Laura: It's like a handshake that goes on for a little too long, right? You know you give somebody a handshake and they just don't let go of your hand. The handshake stops but they're still holding on your hand and you start wishing you could pull away but social pressure is keeping your hand there.

Kim:   Yeah, so no more “is your dog friendly?”. Bad question; bad bad question. Not a good question. You know if you're going to ask someone if you can say hello to their dog ask them that way and then take the time to ask the dog first, as Laura said. And then watch the dogs for their acceptance or rejection of this situation. Sometimes a dog can look like he's really excited to say hello to your dog and dogs will, my own observation is that dogs will kind of turn into the whirling dervish sometimes to gain some distance. You know when they're really super super active it actually creates a bit of a barrier. They don't want you moving in on them so they start to be really active. So just take the time to first of all understand that it's not as simple as are you friendly or are you not friendly. It's situational, it depends on the relationship, depends on their level of comfort with somebody who they sort of know or don't know at all, or that kind of thing. And then take the time to actually look at the dog and evaluate, is the dog also agreeing with the owner here? Do they feel that they want to be friendly in this circumstance?

Laura: Yeah. Pet the dog for a couple of seconds and take your hand off and see what the dog does. If the dog stays there and goes “hey”, and nudges your hand or whatever, and goes “that was fun keep doing that”, then you pet them for a few more seconds and then stop and see what the dog wants to do. Because if you pet a dog and then you stop petting the dog, or the dog walks away from you and shakes it off, it means that that interaction went on for too long and they're done.

Kim: Well even if they just walk away and if they don't shake it off it just means they're done they were maybe OK with what happened there, but they aren't asking to continue with this interaction.
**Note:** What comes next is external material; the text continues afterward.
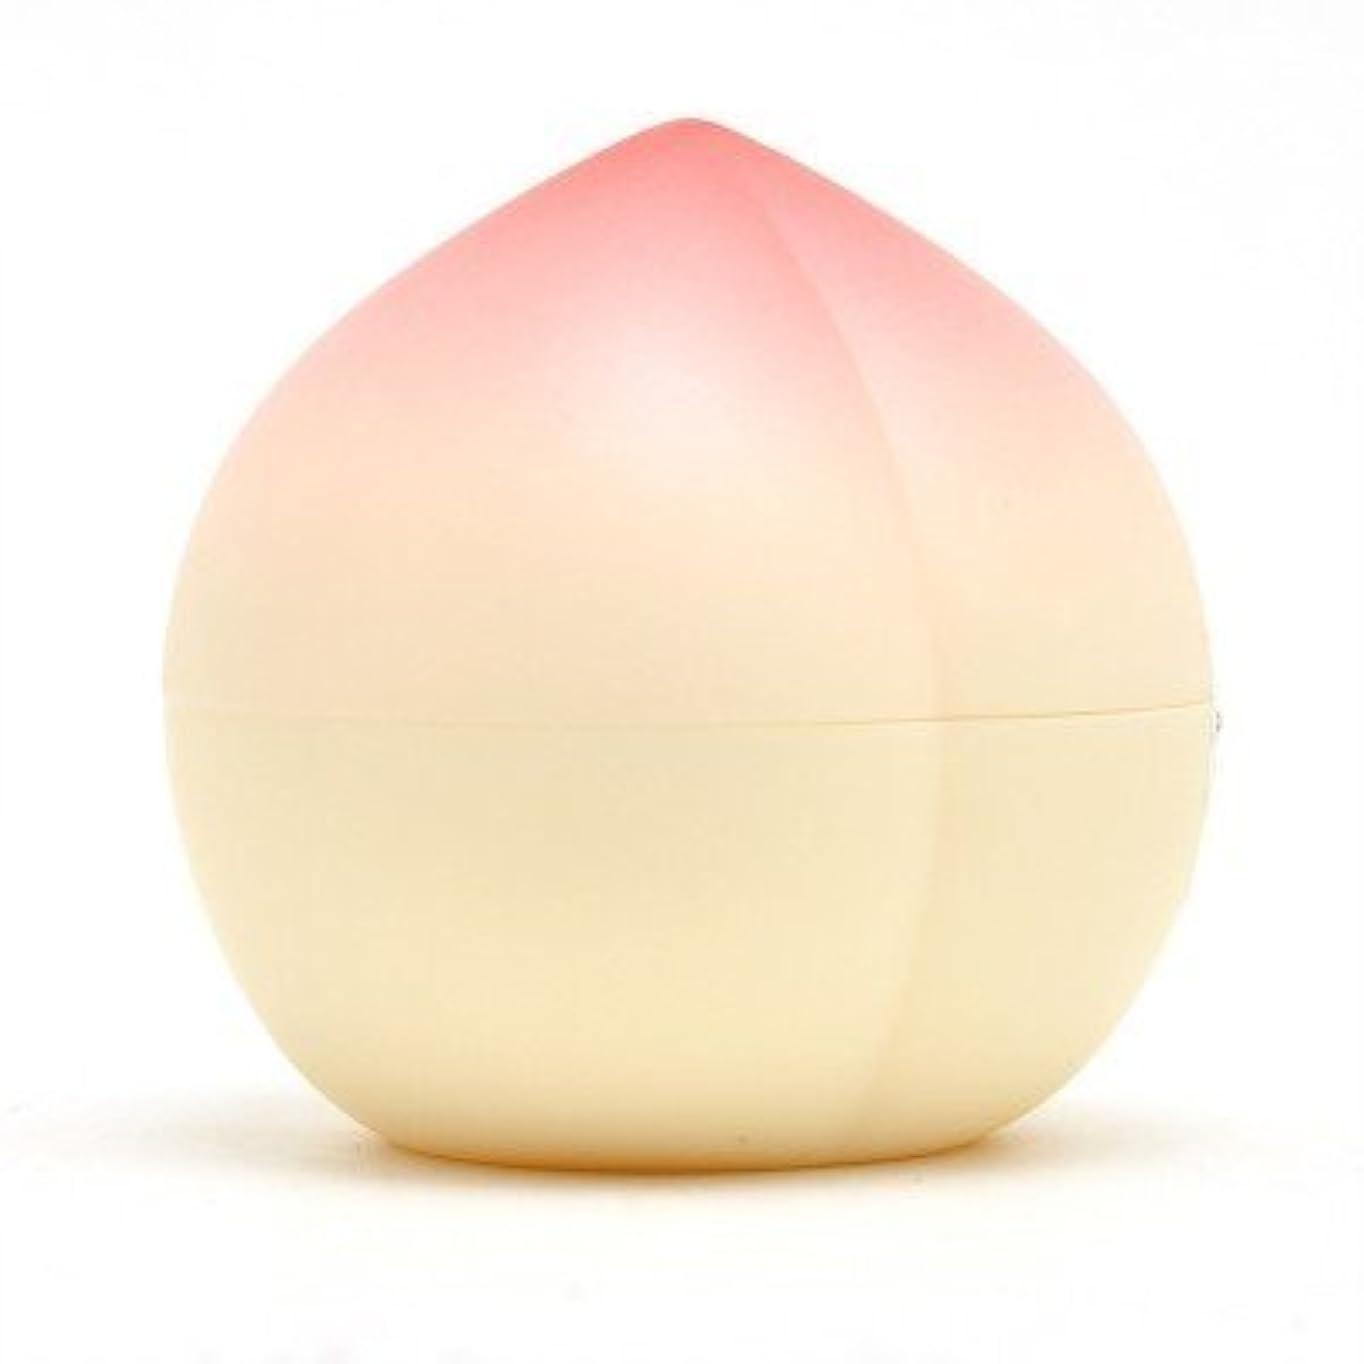 忌み嫌う調整する症候群TONYMOLY トニーモリー ピーチ?ハンドクリーム 30g (Peach Antiaging Hand Cream) 海外直送品

And you know what? That's OK, that's OK. And in fact that doesn't mean they're not friendly, it means, just like us, they have varying tolerances for things and that they want to be able to be given a choice. Right?

Laura: Yes

Kim: Alright. So I told you as soon as we started talking about it you'd know what to say.

Laura: I thought of a few things.

Kim: Yeah. Alright, so this is Kim Rinehardt with Ain’t Misbehavin’ K9

Laura: And Laura Bourhenne from Animal Attraction Unlimited. Thank you for joining us.